I have just tried and is working on my end (same version of NGINX Plus and IC than you). In order to understand what might be happening:
Could you post your /etc/nginx/nginx.conf
and /etc/nginx/conf.d/...
files?
Could you also post the first lines of the logs of the IC to check the version? kubectl logs <IC_POD
, something like I0830 13:58:16.341688 1 main.go:155] Starting NGINX Ingress controller Version=edge GitCommit=15c945a8
It seems that the configuration is correct for what you posted but something is causing a segfault in your NGINX Plus instance. This would be more an issue with the module, not with the Ingress Controller itself.
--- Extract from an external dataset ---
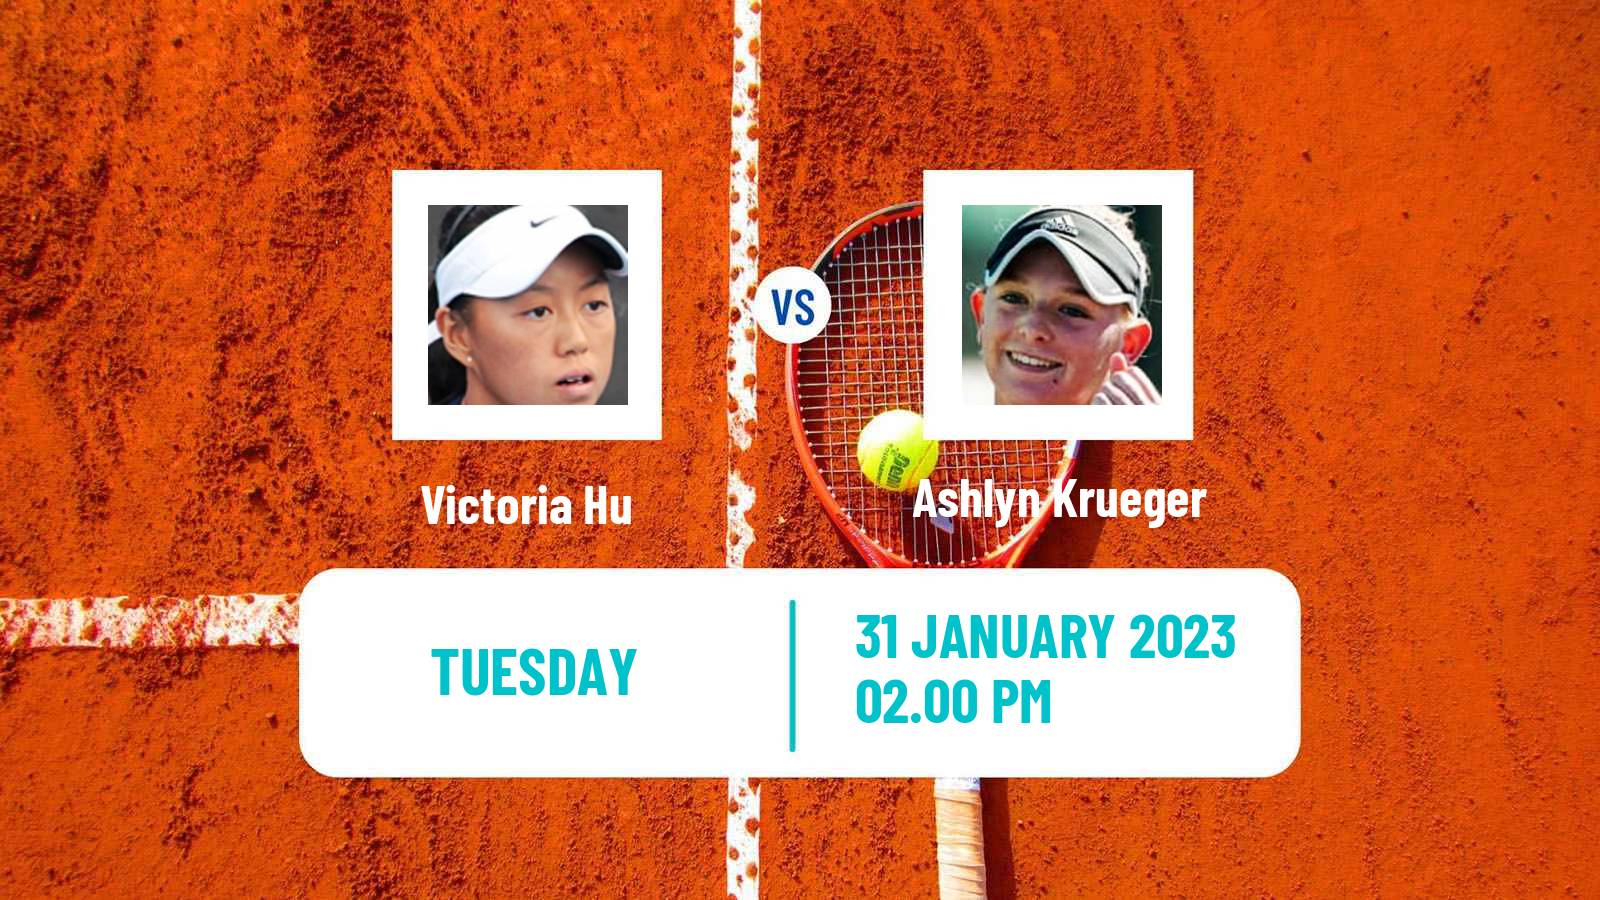 Tennis ITF Tournaments Victoria Hu - Ashlyn Krueger

@Rulox Thanks for the help.
No other module. I build the image by default file with except of "ADD default.pem /etc/nginx/secrets/default": make PREFIX=myf5/nginx-plus-ingress-opentracing DOCKERFILE=DockerfileWithOpentracingForPlus GENERATE_DEFAULT_CERT_AND_KEY=1
No special annotations, here is the cafe-ingress.yaml: Note: the below annotations was added after the above test. With or without the annotation, get same failure.
[root@k8s-master complete-example]# cat cafe-ingress.yaml
apiVersion: extensions/v1beta1
kind: Ingress
metadata:
name: cafe-ingress
annotations:
kubernetes.io/ingress.class: "canary"
spec:
tls:
- hosts:
- cafe.lab.f5se.io
secretName: cafe-secret
rules:
- host: cafe.lab.f5se.io
http:
paths:
- path: /tea
backend:
serviceName: tea-svc
servicePort: 80
- path: /coffee
backend:
serviceName: coffee-svc
servicePort: 80
I am posting my nginx.conf in below comments.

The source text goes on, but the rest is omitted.